Internet connectivity, access to suitable electronic devices, etc, are huge problems by themselves.

While the Government has pledged to ensure that the poorest Jamaicans — not least those on the welfare Programme of Advancement Through Health and Education (PATH) — get access to electronic tablets, resource limitations have slowed the process.

Beyond all that, many children, including those who are struggling to read for one reason or another, need face-to-face instruction.

Sadly, in many such cases, parents/guardians are themselves semi-literate at best, which means they are unable to effectively help.

Hence the obvious frustration of Prime Minister Andrew Holness as he discussed the need for a return to some form of blended education while addressing a political party forum over recent days.

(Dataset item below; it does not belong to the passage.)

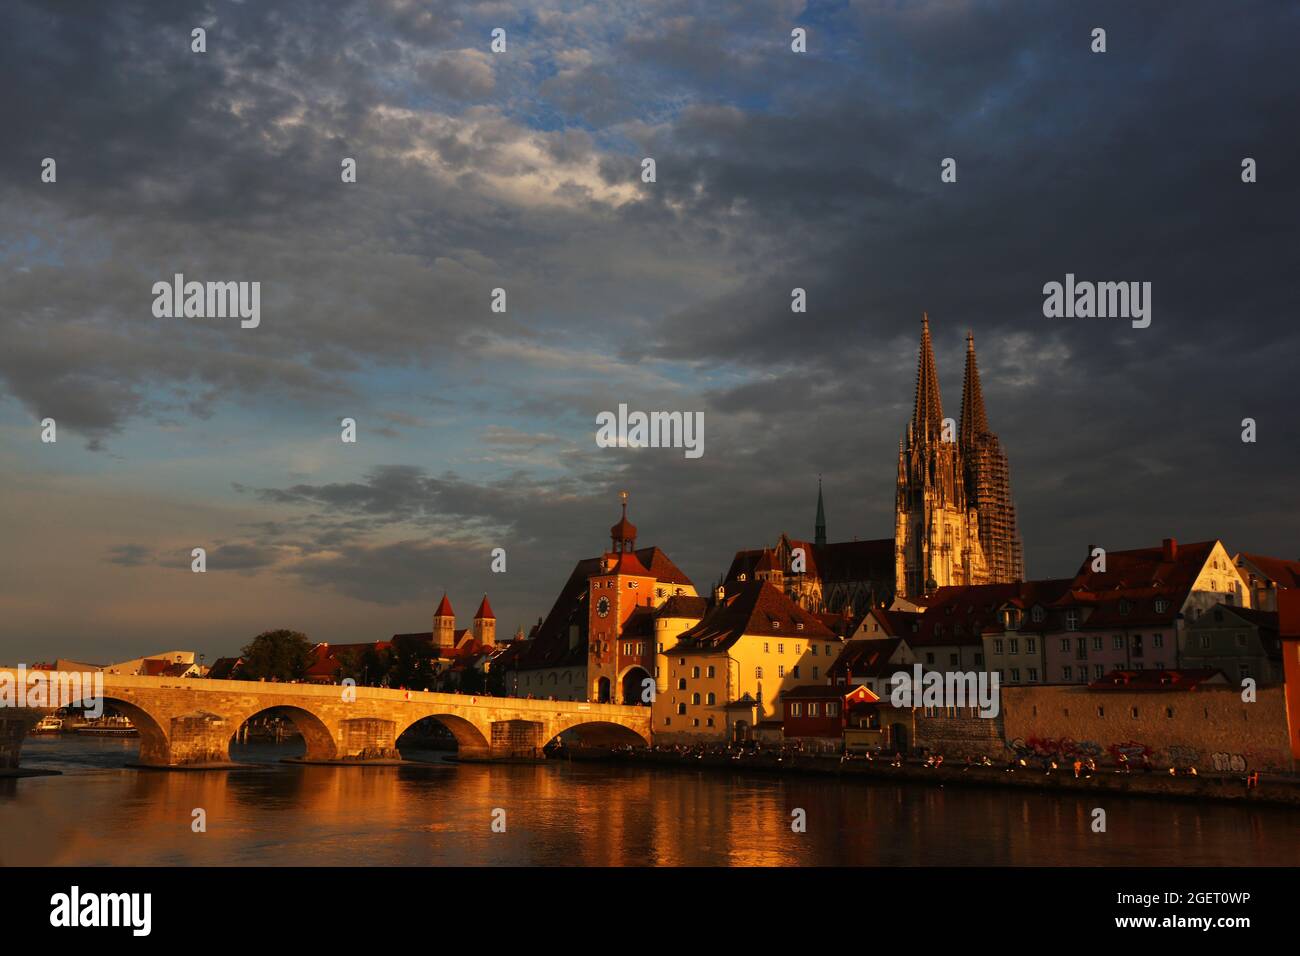 Mittelalterliche Stadt Regensburg mit Altstadt und Steinerne Brücke über die Donau in der Oberpfalz in Bayern in Deutschland Stock Photo

Said Mr Holness: “For those who believe that the distribution of tablets and computers is an automatic solution I would encourage them to think deeper on the problem, because there are some very serious social issues as well... that not having our children in school compounds.”

Those social issues include the gap between socio-economic groups, which have always been too wide for comfort, but which are about to become even wider.

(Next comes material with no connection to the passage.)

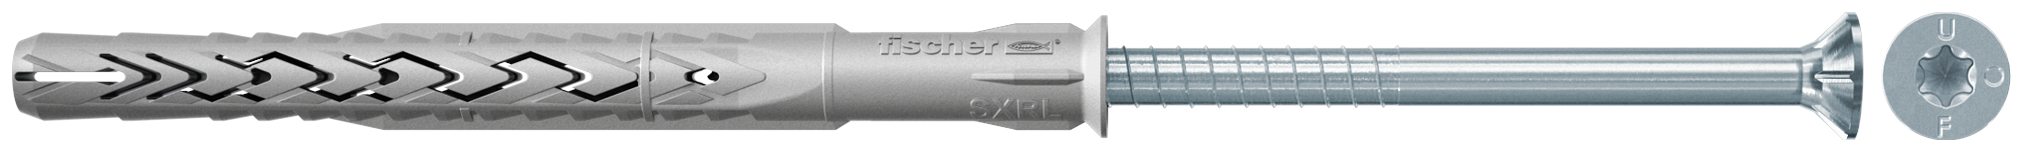 fischer Tasselli prolungati SXRL 14X160 T (1 Pz.) Tassello prolungato in nylon con marcatura CE con vite premontata T.S.P. impronta torx.

Mr Holness said as much: “Clearly, as it relates to the inequality in the education system, I am very worried that this [consequences of COVID-19] would have just widened the inequality.”

The prime minister believes creative thinking could lead to students in communities where COVID-19 cases are “very low, contained” could return to physical classes.

In such cases, students wouldn't “necessarily” use public transportation, and schools would have low student numbers.

We accept the point made by head of the Jamaica Teachers' Association Mr Jasford Gabriel that the matter is first a public health issue and guidance must come from the Ministry of Health and Wellness.

Also, Mr Gabriel, quite correctly, reminds us that online education is here to stay, and that every effort must be made to equip the education system and those it serves so that online education is efficient and easily accessible.

But, clearly, if the more vulnerable Jamaicans are not to be left even further behind than they already are, there have to be creative attempts at blended education on a case-by-case basis for schools, communities, and students.

It is difficult, we know. But this newspaper believes that where there is a will, there is a way.